Рассказывая об операции, он не вдавался в подробности задания группы, но сказал, правда, что она проходила длительную подготовку и все ее участники тщательно отбирались на многочисленных проверках и собеседованиях. Была взята подписка о неразглашении секретных сведений и о соблюдении всех требований конспирации.

Представляете его патриотический настрой? Он прекрасно понимал, что ожидает его в двадцать с небольшим лет, в годы, когда судьба свела его с внешней разведкой, а сама жизнь только начиналась.

Воздушная база находилась в стороне от театра военных действий. А происходили они тогда в центральной части Италии, на подступах к Риму. Союзники в это время пытались продвинуться в северные районы, чтобы потом соединиться с наступающими на юге-востоке Европы частями Советской армии. К концу года к активным действиям перешли итальянские партизаны и силы сопротивления.

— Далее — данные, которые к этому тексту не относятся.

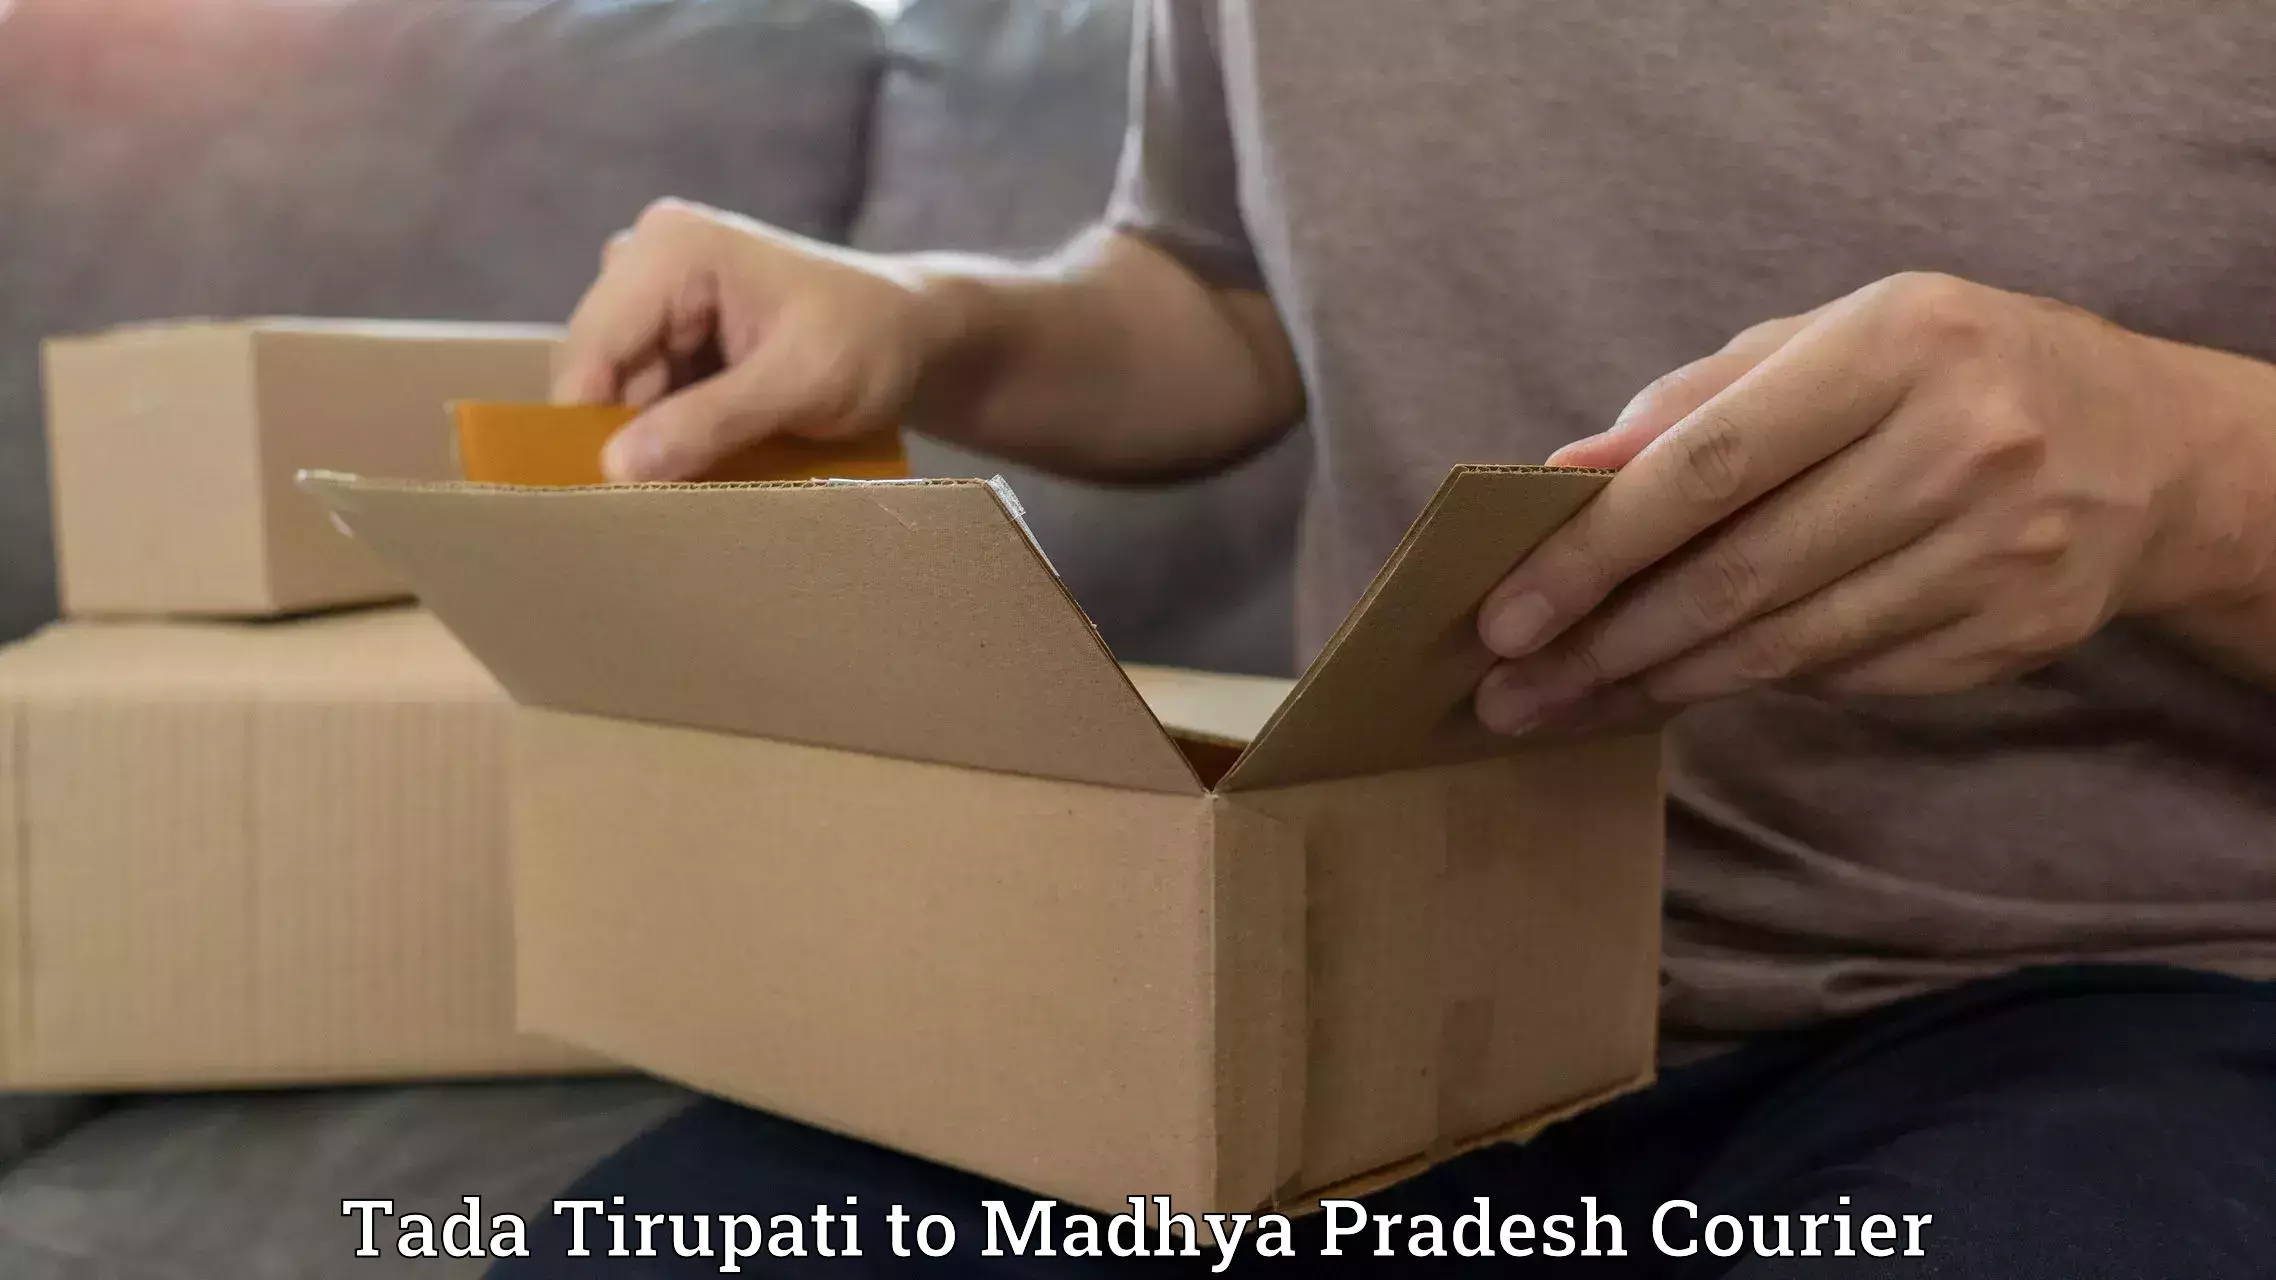 Premium courier solutions Tada Tirupati to Jatara

Положение немецких войск в Северной Италии с каждым днем ухудшалось.

Военная миссия, в которой служил Вася, к этому времени перебазировалась в оставленный немцами Рим. В этом городе и произошла та история.

Вася был неприметен с виду — среднего роста, худощав, с очень простым и некрасивым лицом. Остриженная в тюрьме голова еще больше подчеркивала его калмыцкую внешность. Круглолицый и скуластый, с широким курносым носом и бесформенными губами он никак не походил на уроженца Москвы. Нрава был веселого и общительного, а задорные глаза постоянно выражали этот настрой. Светлые волосы и такие же брови, сливавшиеся с лицом, делали его облик маловыразительным. Думаю, он понимал, что некрасив, и не раз в шутку сам себя называл «Квазимодо».

Я интуитивно угадывал в нем хорошего человека. Мне нравилось, что в трудных условиях он не стал прагматиком. Он выбирал друзей по духовной близости и интересам. Судьба уготовила нам новогодний подарок: нас вместе отправили на этап.

Не помню, чтобы он унывал в тюрьме. Вполне возможно, что эти качества понравились и его итальянской подруге, укрепили их отношения и союз. Первое время он скрывал свою связь, понимая, что преступил Закон. Но сохранить тайну на виду у всех невозможно.

Когда-то этот день должен был наступить. К тому, что он близок с иностранкой, добавился еще один усугубляющий момент — она было дочерью римского префекта полиции. При несерьезном увлечении он мог бы расторгнуть связь и прекратить встречи. Забыть одну подружку и найти другую.

Но их отношения складывались иначе, он полюбил Сильвию. Она ответила взаимностью. Он стал часто бывать в ее доме, познакомился с окружением. Родители не возражали против их союза, и встречи продолжались. Дальнейшее сближение прошло по обычному сценарию — настал день, когда она сказала, что у них будет ребенок. Положение требовало решительных мер, нужно было что-то предпринять, чтобы узаконить брак.

Но что? Ведь он нарушил присягу и другие обязательства! Что делать, и есть ли выход?

Любовь к девушке, долг и честь, простая порядочность, подсказывали единственное решение — ничего не утаивать от командования. Признаться во всем и совместными решениями разрешить трудности (наивный молодой человек!). Внутренний голос подталкивал его к разговору с начальником миссии.